The rhetoric used to marginalize dissenting opinion and coddle the herd into unity conformity is the same in Libya as it has been in other recent wars. I see two main tactics.
The first is the attempt to detract attention and emphasis away from any potential domestic concern about the war with nonchalant casualness. This was exemplified when Harry Ried last week said that the War Powers Resolution doesn’t apply in Libya because “We have no troops on the ground there, and this thing’s gonna be over before you know it anyways, so…” This is common: Don’t trouble yourselves with keeping your own government in check regarding war; this is no big thing and it will be over too soon to be worth any effort to stop it, so sit quiet. Not only did we hear this at the beginning of the war intervention in Libya (it will last “days, not weeks”), but we heard it in Iraq as well. Dick Cheney and other top Bush administration officials said the Iraq war would “last weeks, not months” while Don Rumsfeld said “It could last six days, six weeks. I doubt six months.” We’re now about 100 days into this conflict with no end in sight. Also under this category of enforcing conformity is the promise of no ground troops we’ve been hearing, despite some quiet admissions that we will in fact need ground troops. The goal is the same: this war is and will be small and insignificant; don’t you dare make a fuss about it.

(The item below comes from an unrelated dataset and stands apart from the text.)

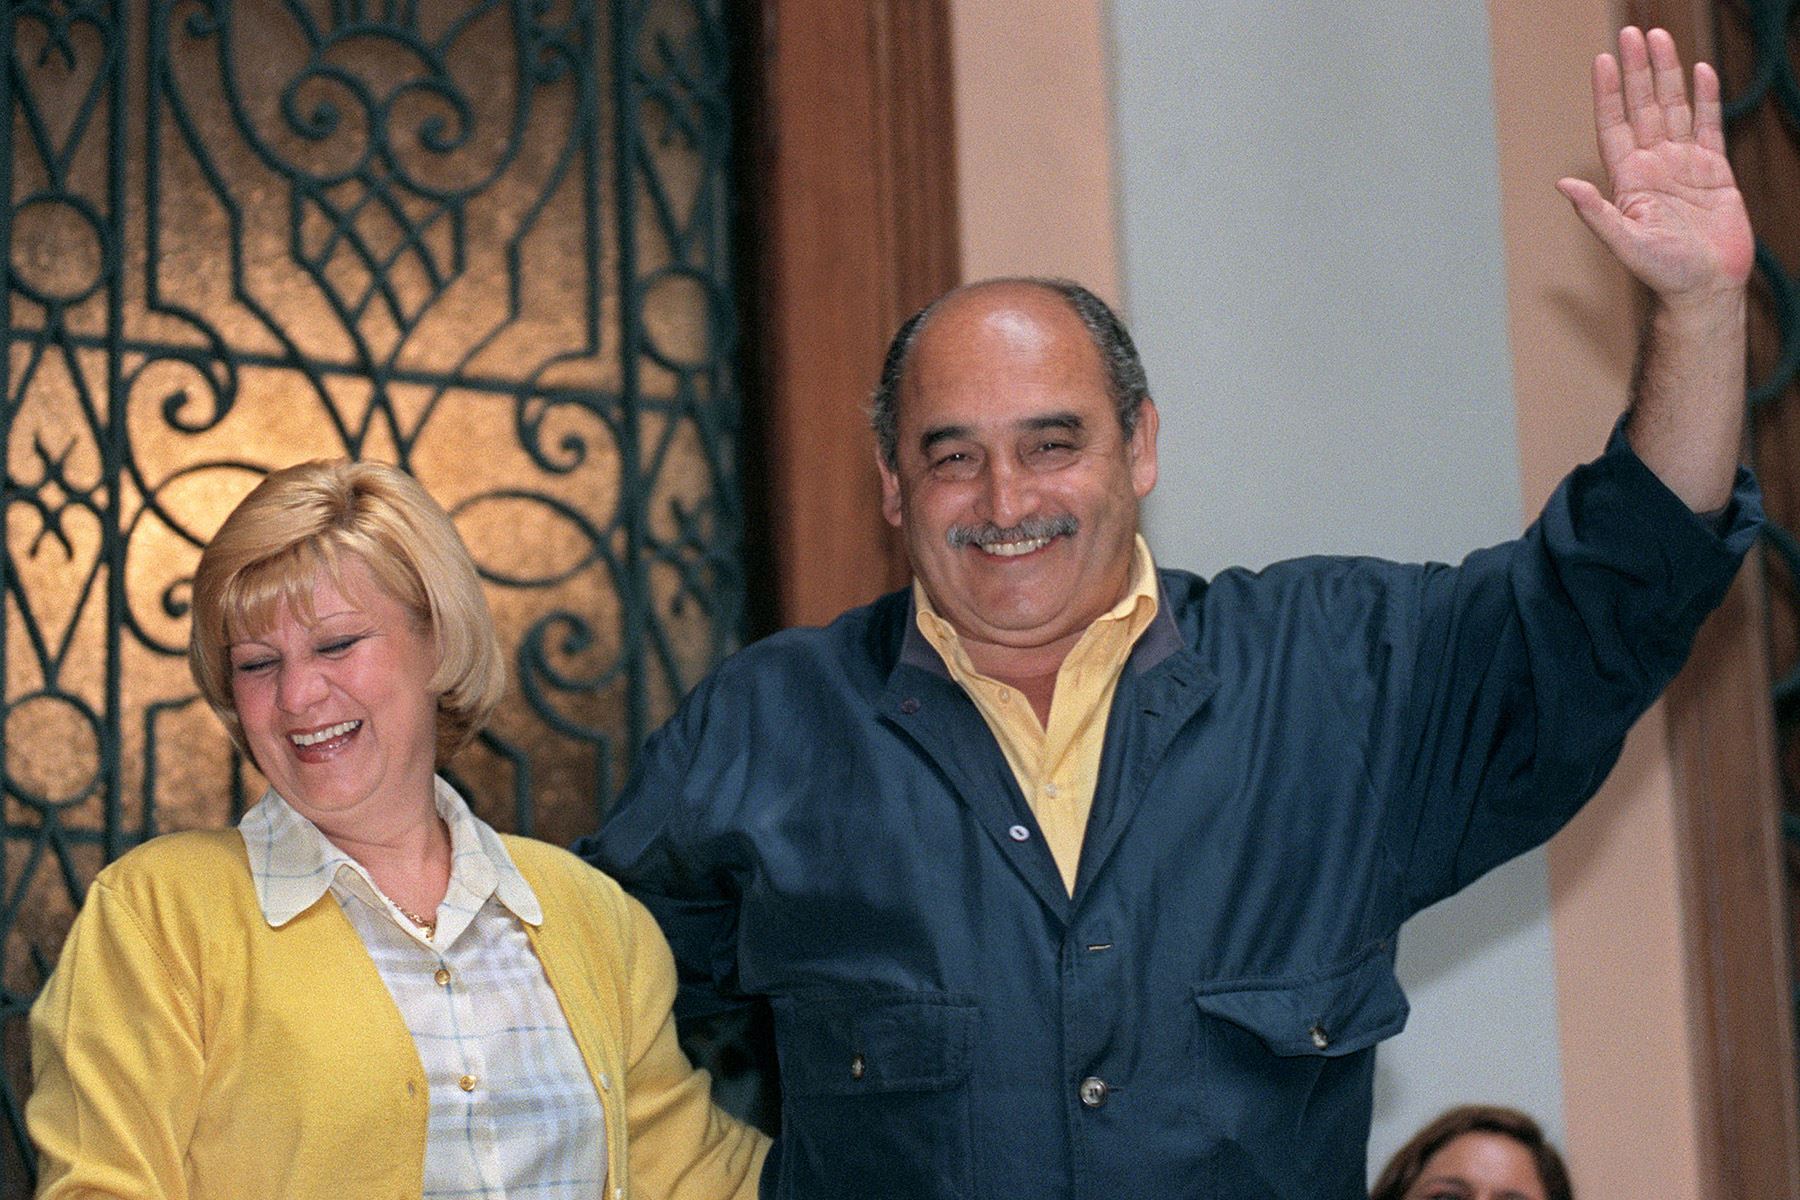 Lima - 11 octubre 1998 / El alcalde de Lima, Alberto Andrade, acompañado por su esposa Ana Botteri de Andrade, saluda a sus partidarios después de que las encuestas a boca de urna informaran de su reelección en las elecciones municipales con el 65 por ciento de los votos.  Foto: AFP
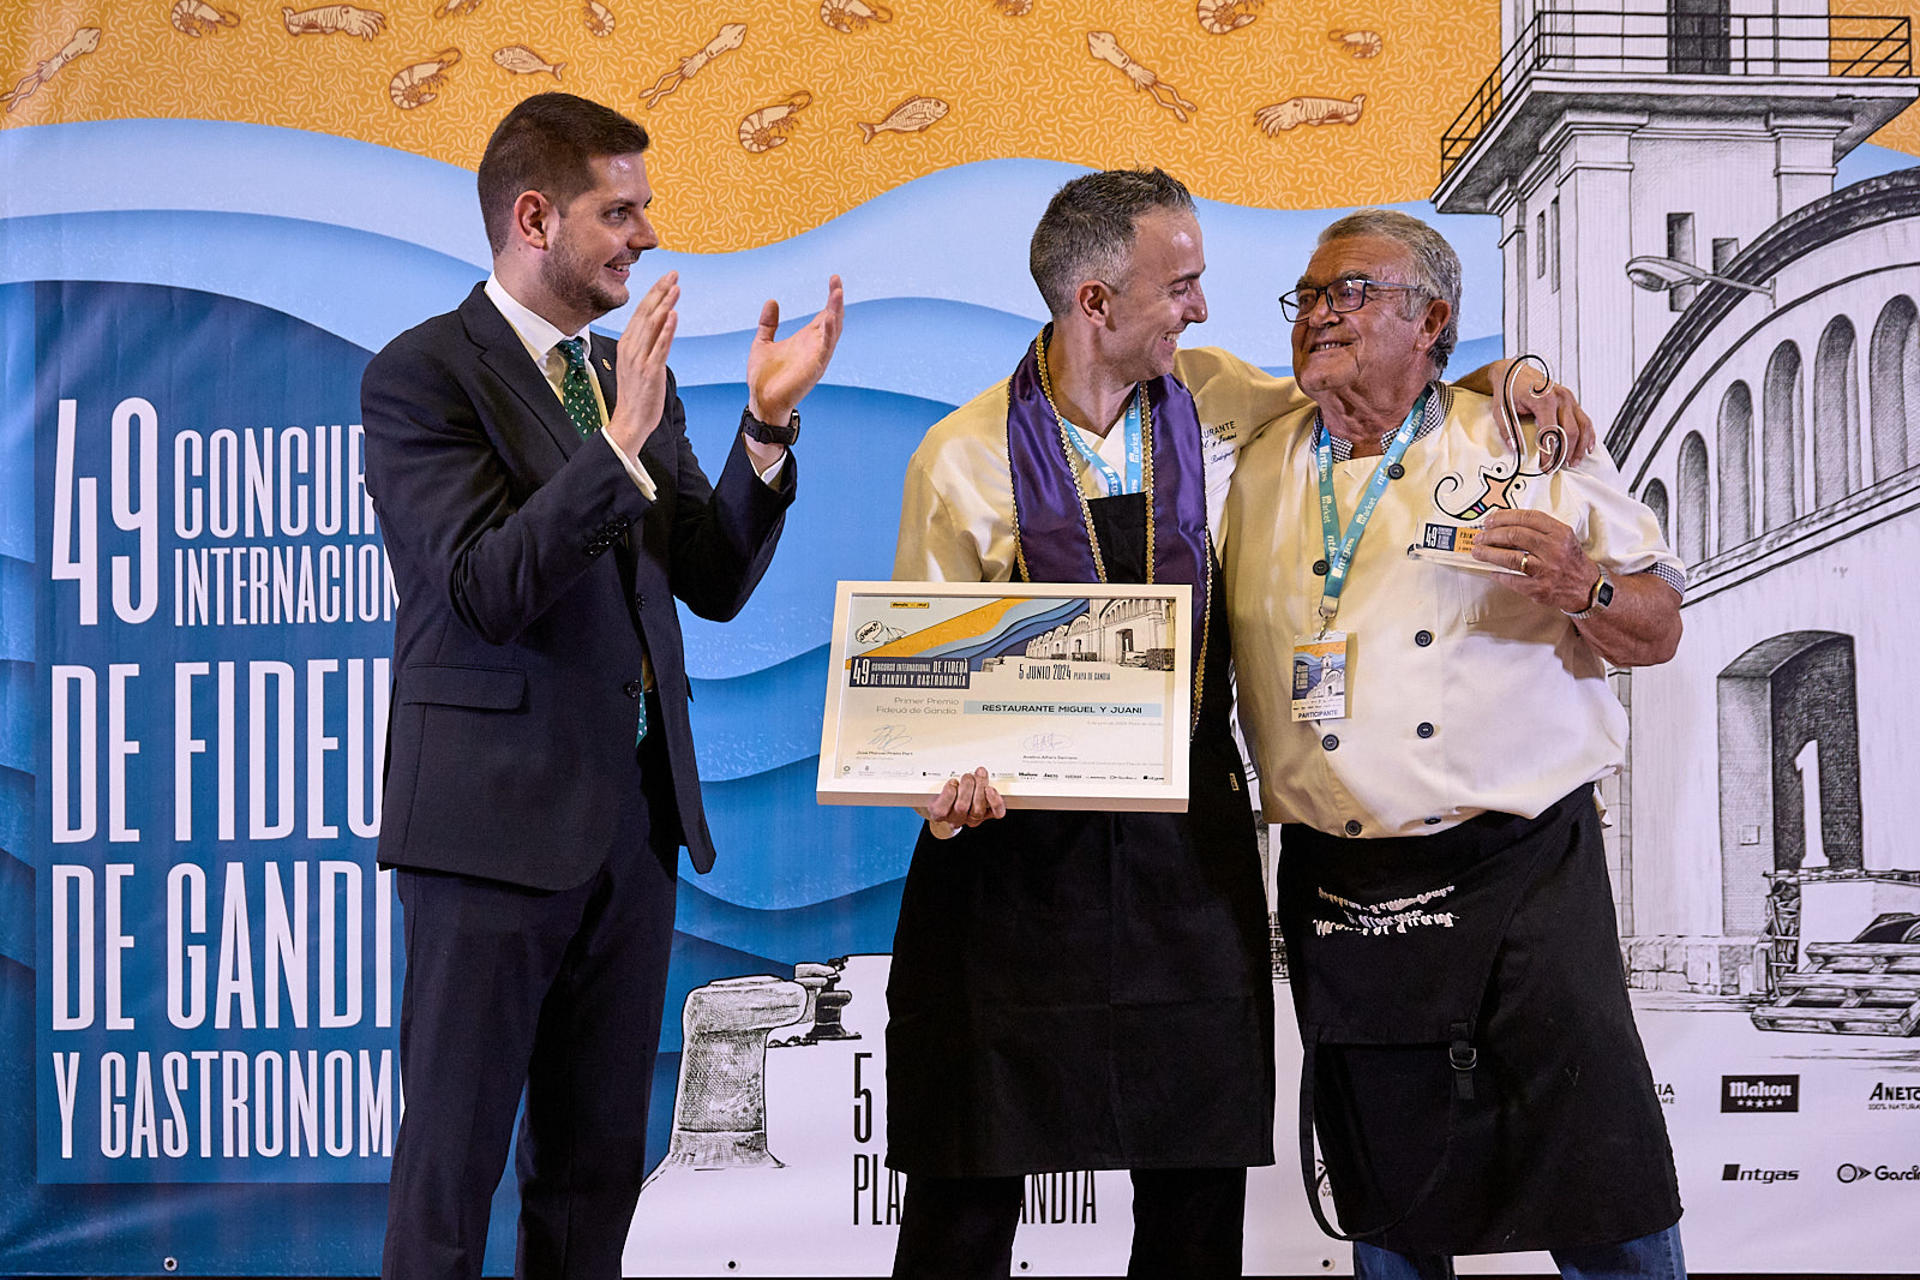 El restaurante Miguel y Juani de l'Alcudia gana el concurso de fideuà de Gandia

The other tactic is to hint in some way that if you are against the war you’re supporting the enemy. Classic with-us-or-against-us Bush rhetoric as well as Hillary Clinton’s recent “Whose side are you on?” talk is the most egregious of this sort. But it has less potent forms like this recent piece in the Wall Street Journal (via):
The press corps is claiming that all this reflects “war weariness,” but the war in Libya will only drag on longer if Gadhafi and his bloody-minded sons have reason to believe that the Americans are divided. These resolutions will encourage our enemies to conclude that if they can only hold out for a few more weeks or months, the U.S. and NATO will give up and sue for peace. The House is also undermining the morale of Libya’s rebels, not to mention domestic support for the intervention.
If you are not convinced by the first tactic of enforcing conformity (that the war is no big thing, thus shut up), then you still should not express dissent because it will encourage the enemy or let them know our plans. Do not “undermine domestic support for the war” by telling the truth about it or pressuring officials to follow the law; we need that domestic support so keep the people ignorant and thus passively in support of our war dictates. This was common with Iraq too, as administration and military officials said withdrawals dates could never be discussed because that would tell the insurgents when we were leaving.
It seems clear these are just rhetorical tactics without any validity. The aim is to quell dissent and prevent those who might question war from acting in that regard. Congressional moves to end or limit the war are still ongoing, but we’ll have to see if these tactics are as successful as they have been in the past, or if the Libya adventure’s almost satire-like absurdity will continue to “undermine domestic support.”